SOURCE MATERIAL Start Marker
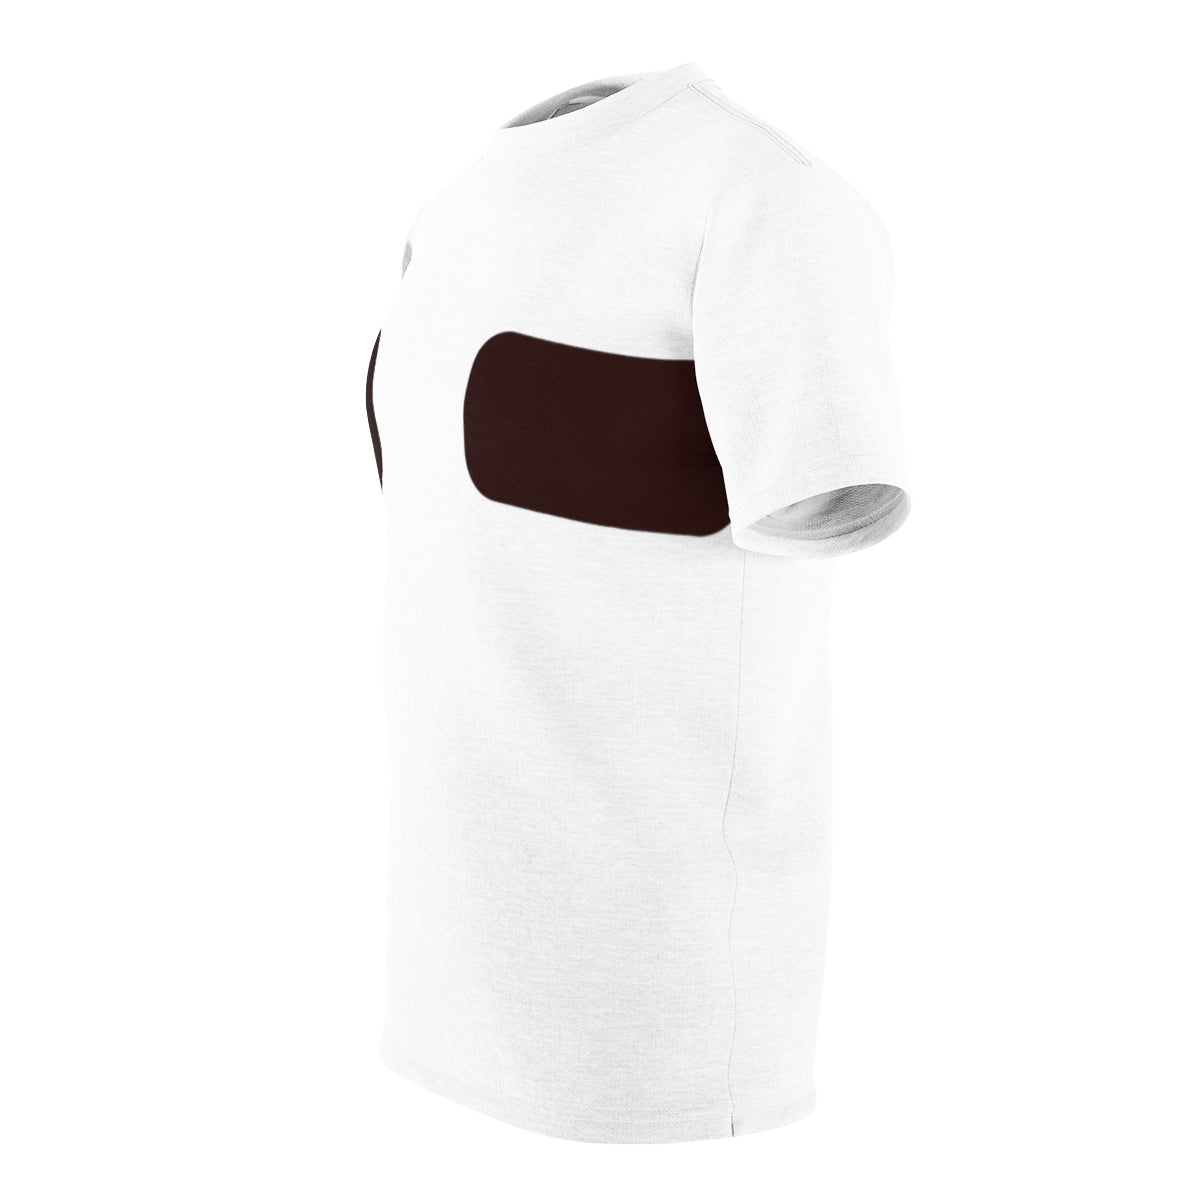 Brust-Taping-T-Shirt normalisieren | Hautton 004 – 1 Streifen 
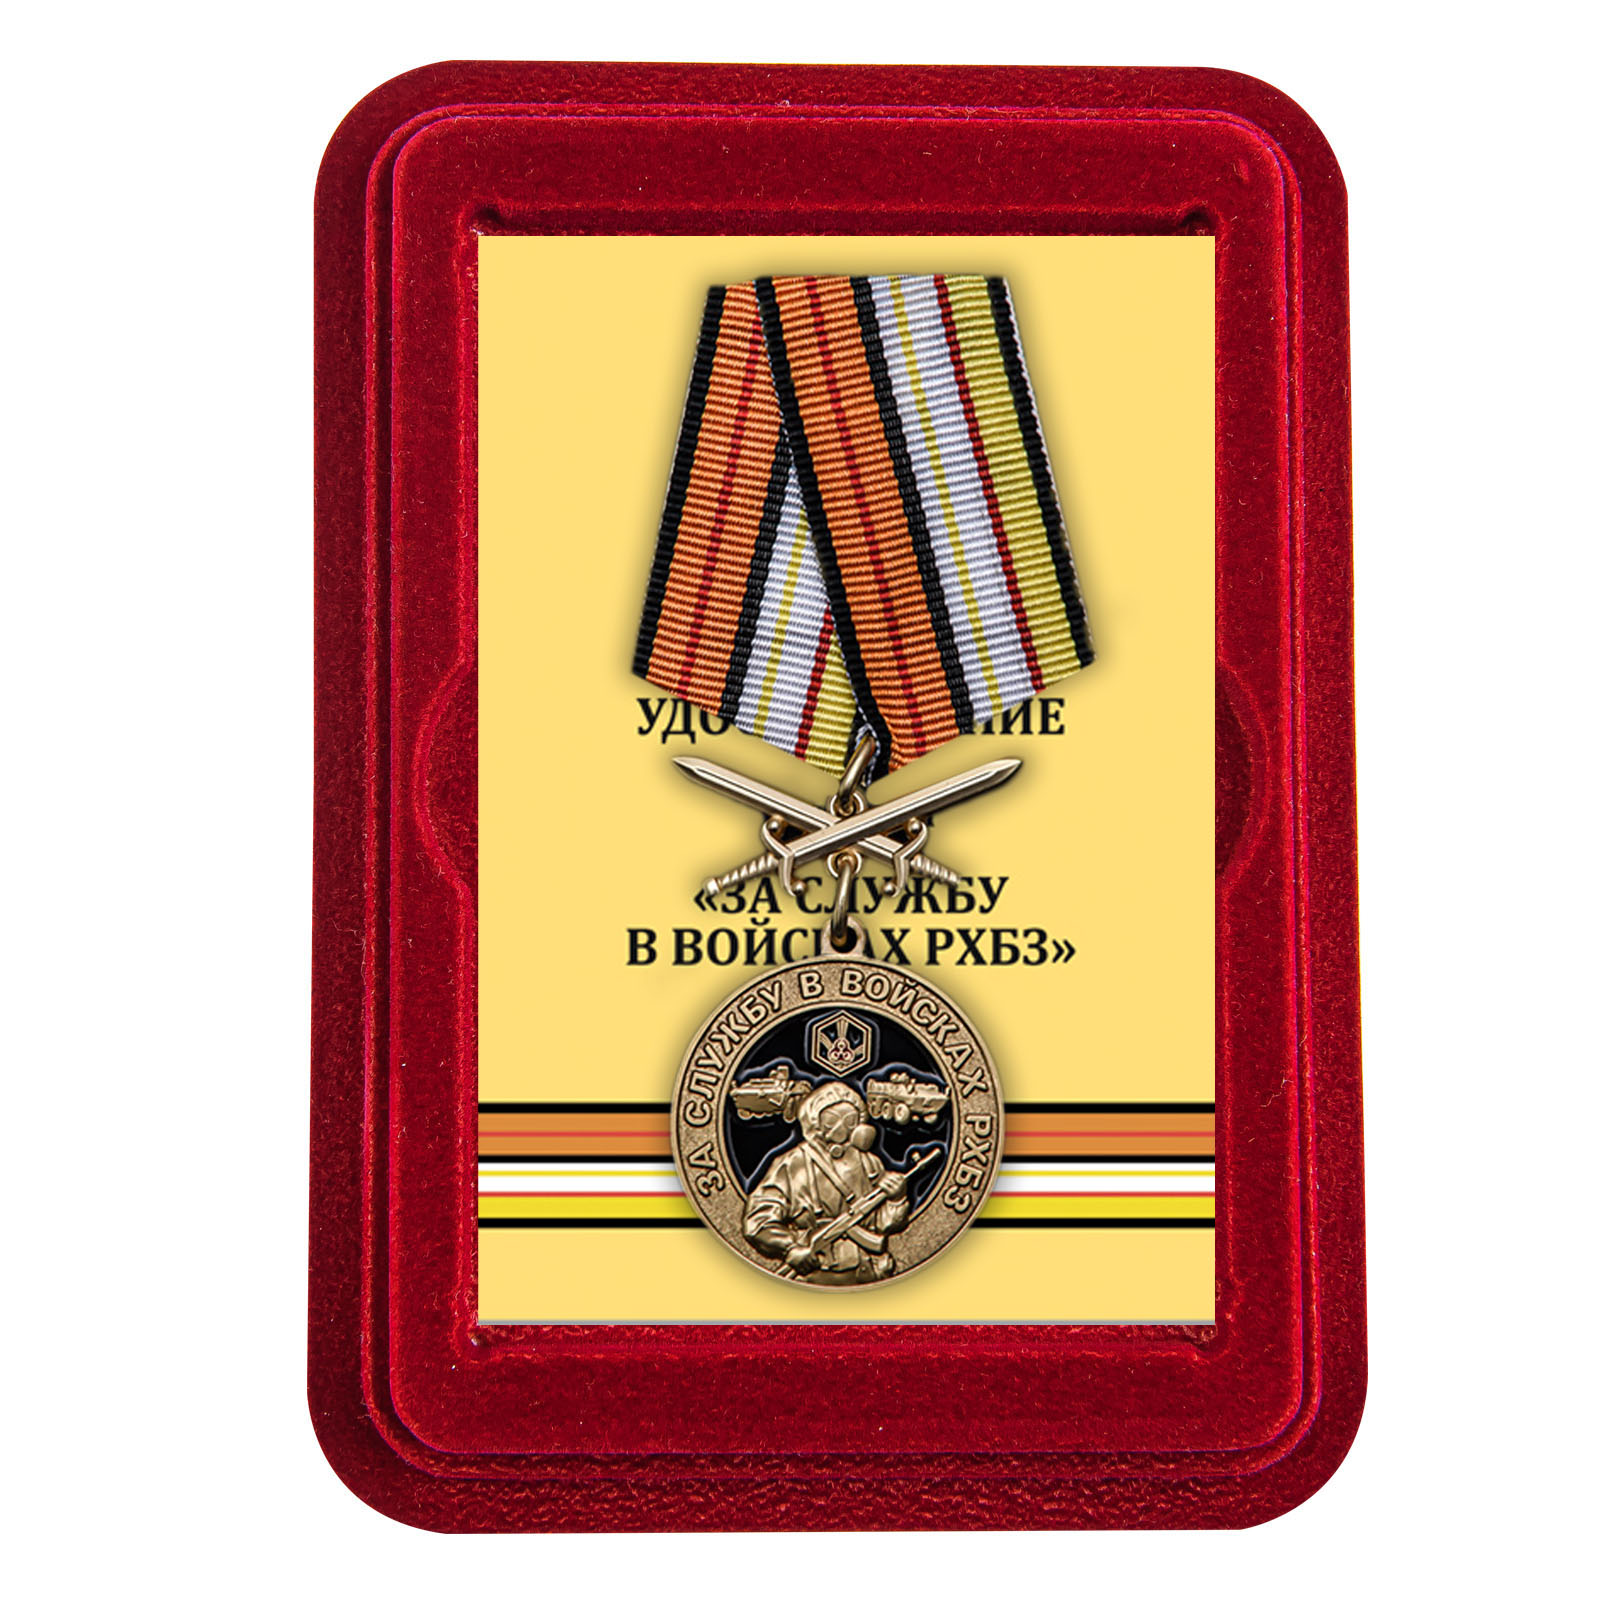 Купить медаль За службу в Войсках РХБЗ выгодно в подарок
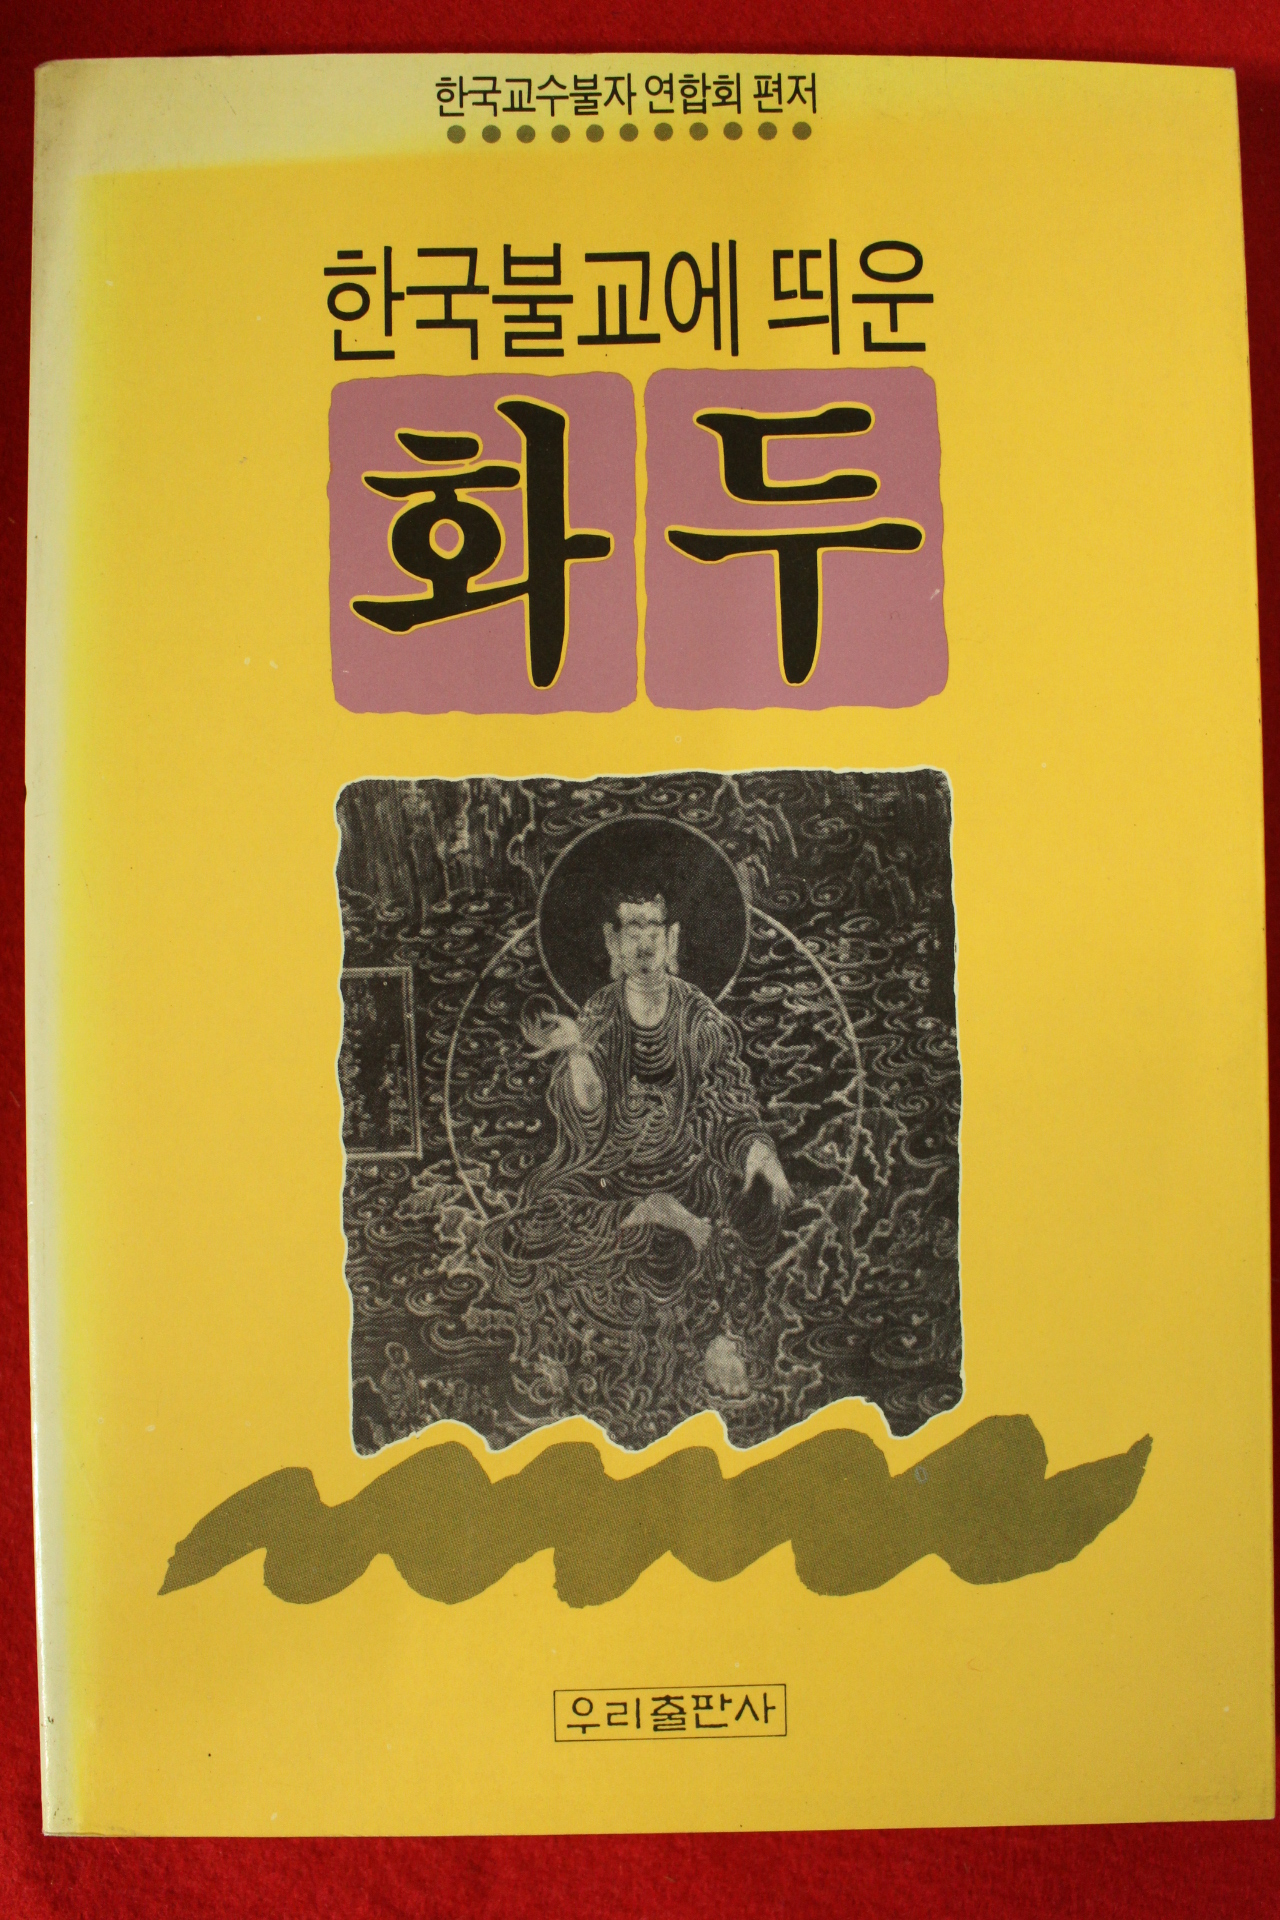 1990년초판 한국불교에 띄운 화두
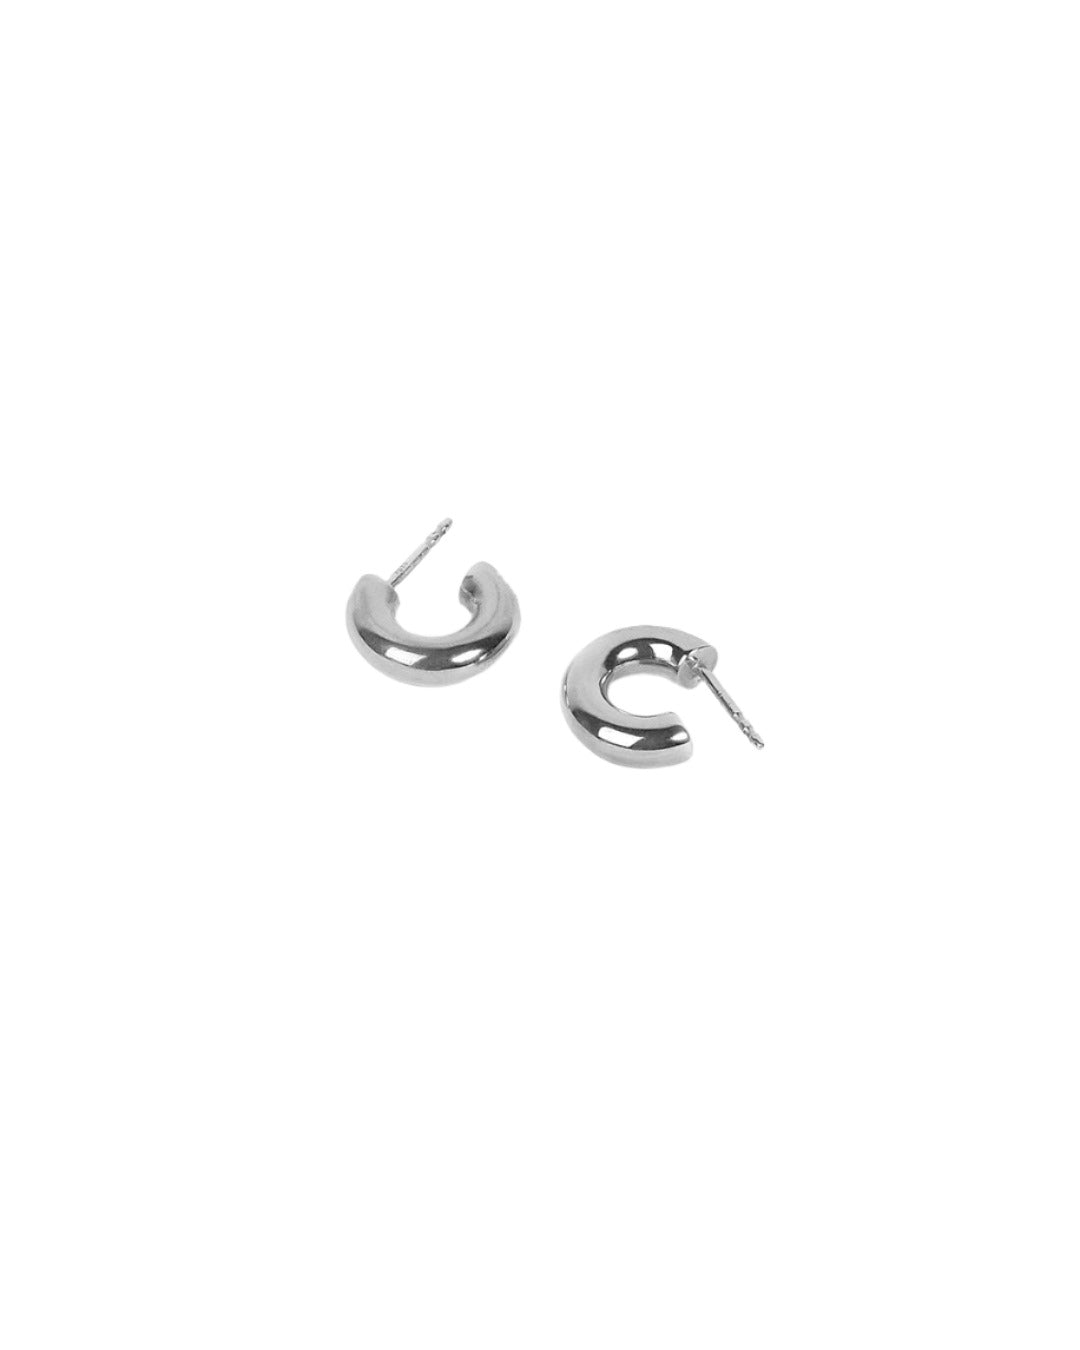 Handmade Simple silver hoops earrings - Bold Form Hoops - NEEO
SOURCE MATERIAL End Marker
- **PROBLEM DETAILS**: Word for word, restate all of the material above except its pictures.

- **RESULT FOR THIS TASK**:
 Brust-Taping-T-Shirt normalisieren | Hautton 004 – 1 Streifen 
 Купить медаль За службу в Войсках РХБЗ выгодно в подарок
 1990년초판 한국불교에 띄운 화두
 Handmade Simple silver hoops earrings - Bold Form Hoops - NEEO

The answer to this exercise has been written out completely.